A psychoanalytic colleague shared an NPR interview with Oliver Sacks in which he talked a bit about having been in therapy practically throughout adulthood, its relevance, and meaning: "Dr. Sacks you've been in psychoanalysis for 46 years with the same analyst. Do you think this has anything to do with your seemingly healthy mental well-being? Dr. Sacks replied: 'I think my analyst knows me very well and I think he likes me, which helps me like myself, and that's something that has not always been easy for me to do.' "

I remember a voice in dream telling me, "Healing takes a good long time." This transformative message came from the unconscious many years ago when I first began treating trauma survivors. Pressure was being exerted within psychology to treat people quicker, get them stable and feeling better, then discharge them from care. The unconscious was clear, via this dream, that quick and out  therapy is simply not the way of soul and that I am not to practice anything other than soulful psychology. 

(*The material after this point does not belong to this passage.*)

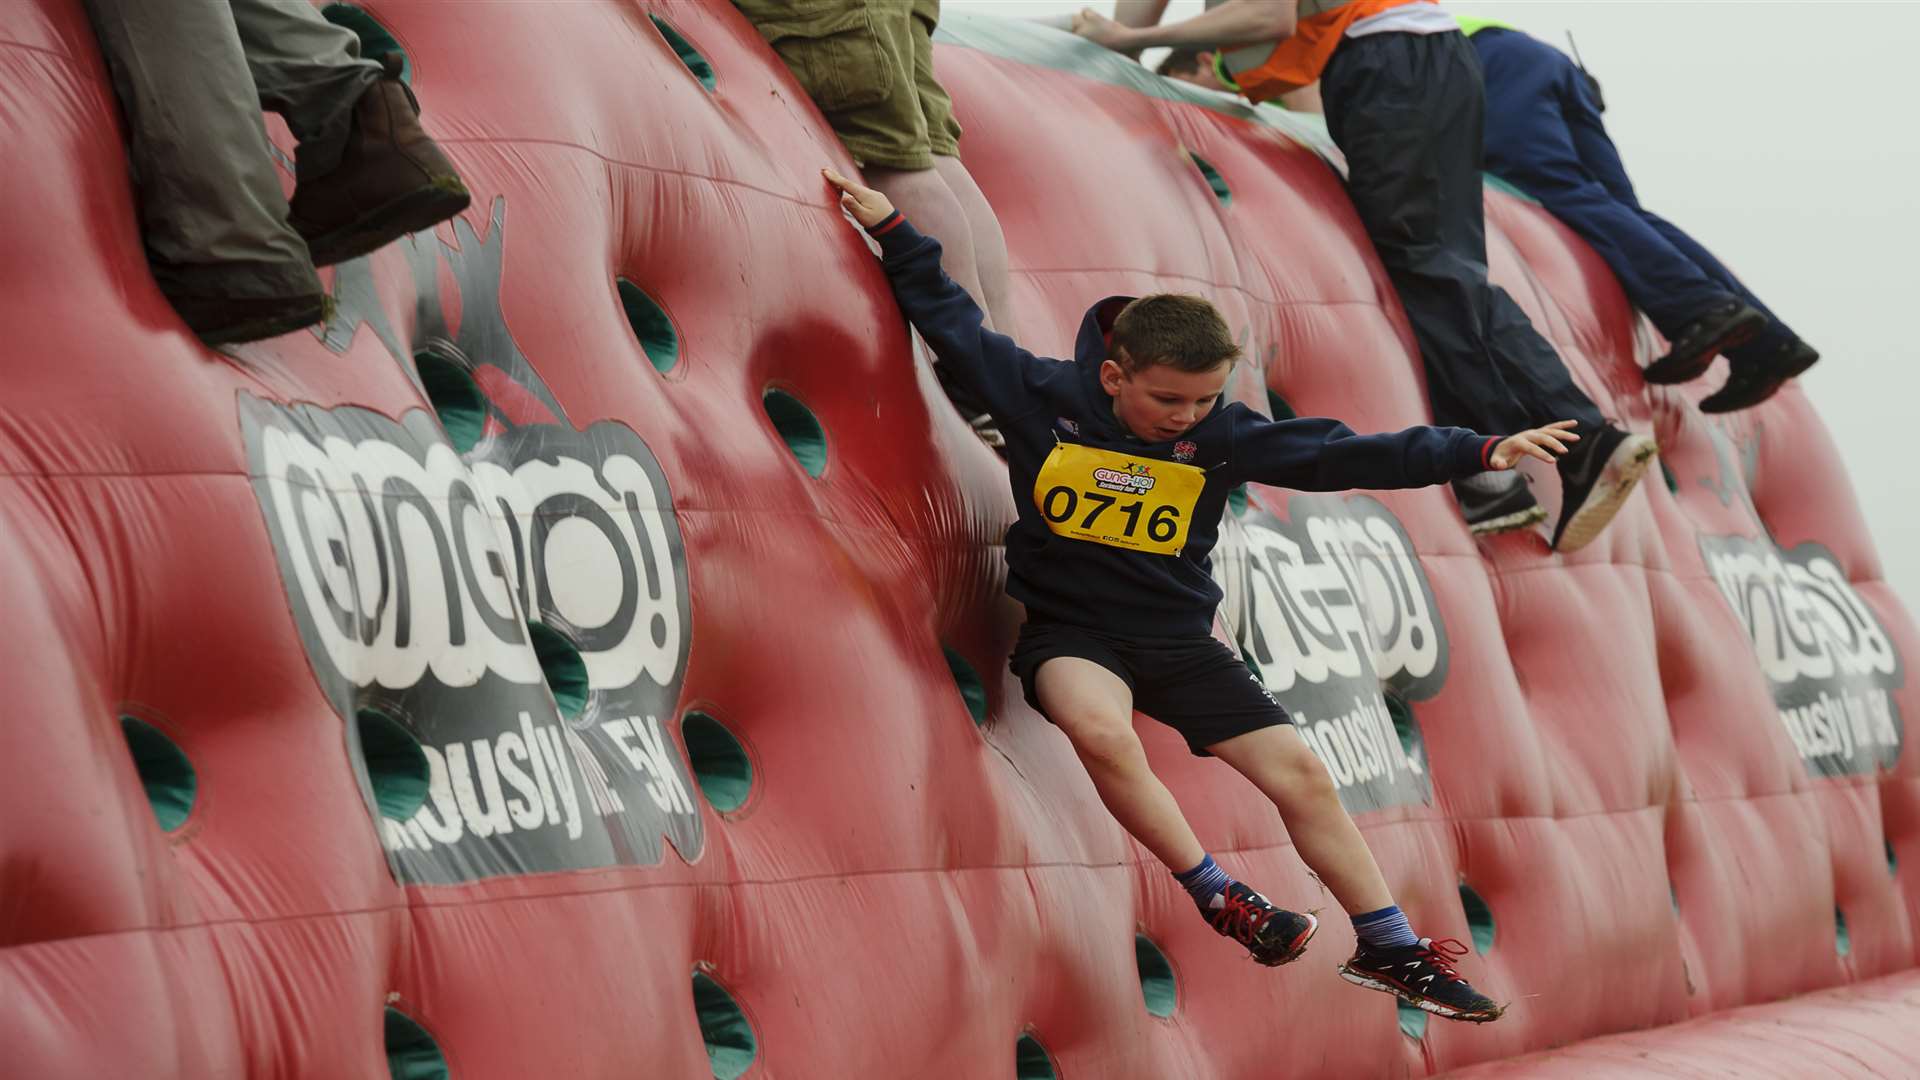 Climbing the melon wall obstacle

A psychodynamic colleague and scholar at NYU shared with me his soon to be published paper on psychological companioning. Some patients have the need to be seen through in their healing process for a long time, a very long time, some for lifetime. As noted with Oliver Sacks, there is relevance and meaning to engaging our healing process and realizing that it is a life long process that may benefit from a lifetime of care.